My little buddies, Bobby and Charlie, who were rescued from a situation on Central Park, were brought to a no-kill shelter in Victor, NY, where they are getting love and attention from their temporary family, along with many other little furry friends there.  They will get the time and attention they need, while I could not give that to them with my full-time job - and they will go to the best families, as potential adopters are screened to the max.  I can't wait to hear how my babies have fared since I let them go!  Deanna!  Norma!  Hear my plea!  :)


It was quiet in the hood this morning.  I rained overnight, so the humidity level was sky high, and the temperatures are still in the 70s at 5 am!  My friend Laura has offered to try trapping Nicky - a/k/a Neck Wound Kitty on Parsells again tomorrow morning, so I fed less there this morning.  Garson Avenue kitties continue to have their bowls taken away from them daily, so I keep replacing them, but I wonder who is actually doing it.  No one is living in this house right now, but I think it is being slowly renovated - and whether or not someone is working on it, I think someone is taking pleasure in just driving by and trashing my stuff on a daily basis.  On Ferndale and Webster, my other trouble spot, its been two days in a row that the bowls under a tree haven't been touched.  I will be rescuing a kitty I had spayed there on Sunday morning to bring to a barn situation in Caledonia, along with Precious, another female on Central.   Since the last catastrophe with my poor Angel and another kitty at the stables at Finger Lakes Racetrack this past early spring, with them escaping and never to be seen again, I am hesitant and want to be sure that this method of bringing cats to barns is foolproof.  I've been instructing the man who will care for them on how to set up the cages, etc. and when to let them out.  Prayers for these babies, and Angel and other kitty too.

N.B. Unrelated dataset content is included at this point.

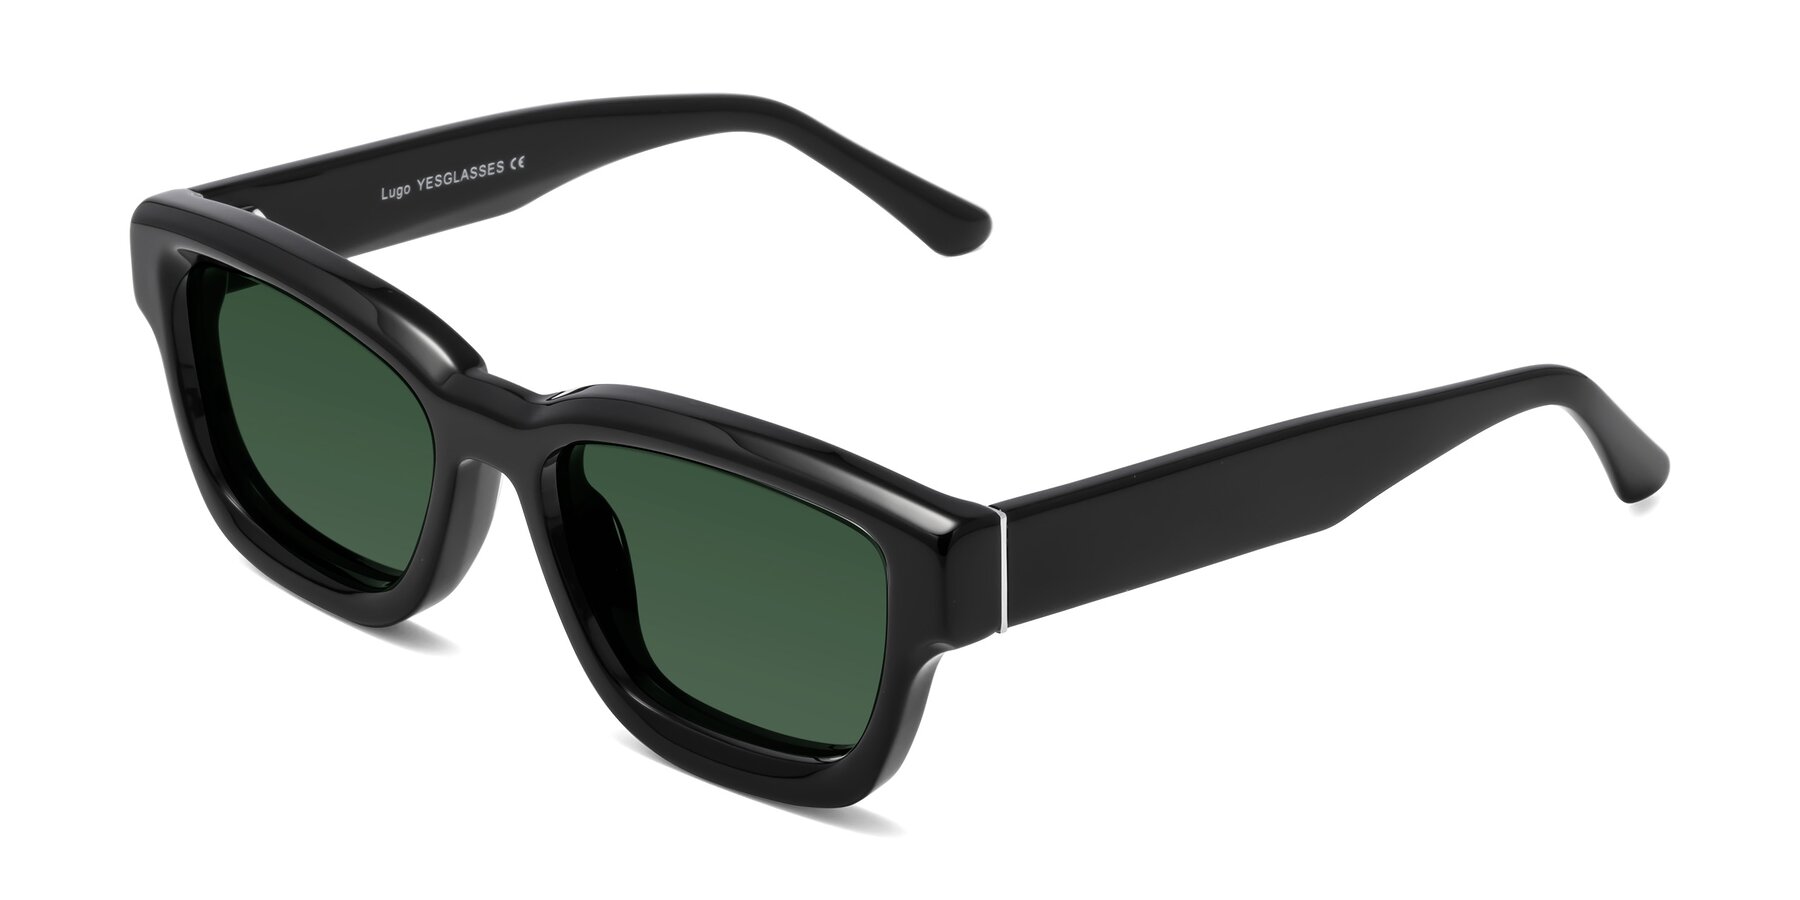 Angle of Lugo in Black with Green Tinted Lenses

I wish you all a great day!

Wednesday, September 11, 2013

Hump Day!

Love that Geico commercial with the camel....  :)

Hi Folks!  Please keep in mind, I am having problems with this blogsite, so I am just about a day behind in my posts.  GRRRR.  If anyone can help, I would appreciate it.

Yesterday morning I set a trap for Nicky (a/k/a Neck Wound Kitty) who has been suffering for years with a huge wound on his neck - cause is still undetermined - and scratches at it to the point of howling, every few seconds of his 24 hour long days.  The poor thing has travelled from spot to spot with me, and is just untrappable.  Even the great master trapper, Laura, is unable to get him.  I don't know what to do about it anymore.  I tried again yesterday, with my crappy regular Have a Heart trap, but he wont fall for it.  I wound up with another very unhappy uneartipped kitty that I had to let go because I had no appointment scheduled anywhere, which there are no clinics on Tuesdays regardless, nor do I have money at the moment, or transportation for the clinic.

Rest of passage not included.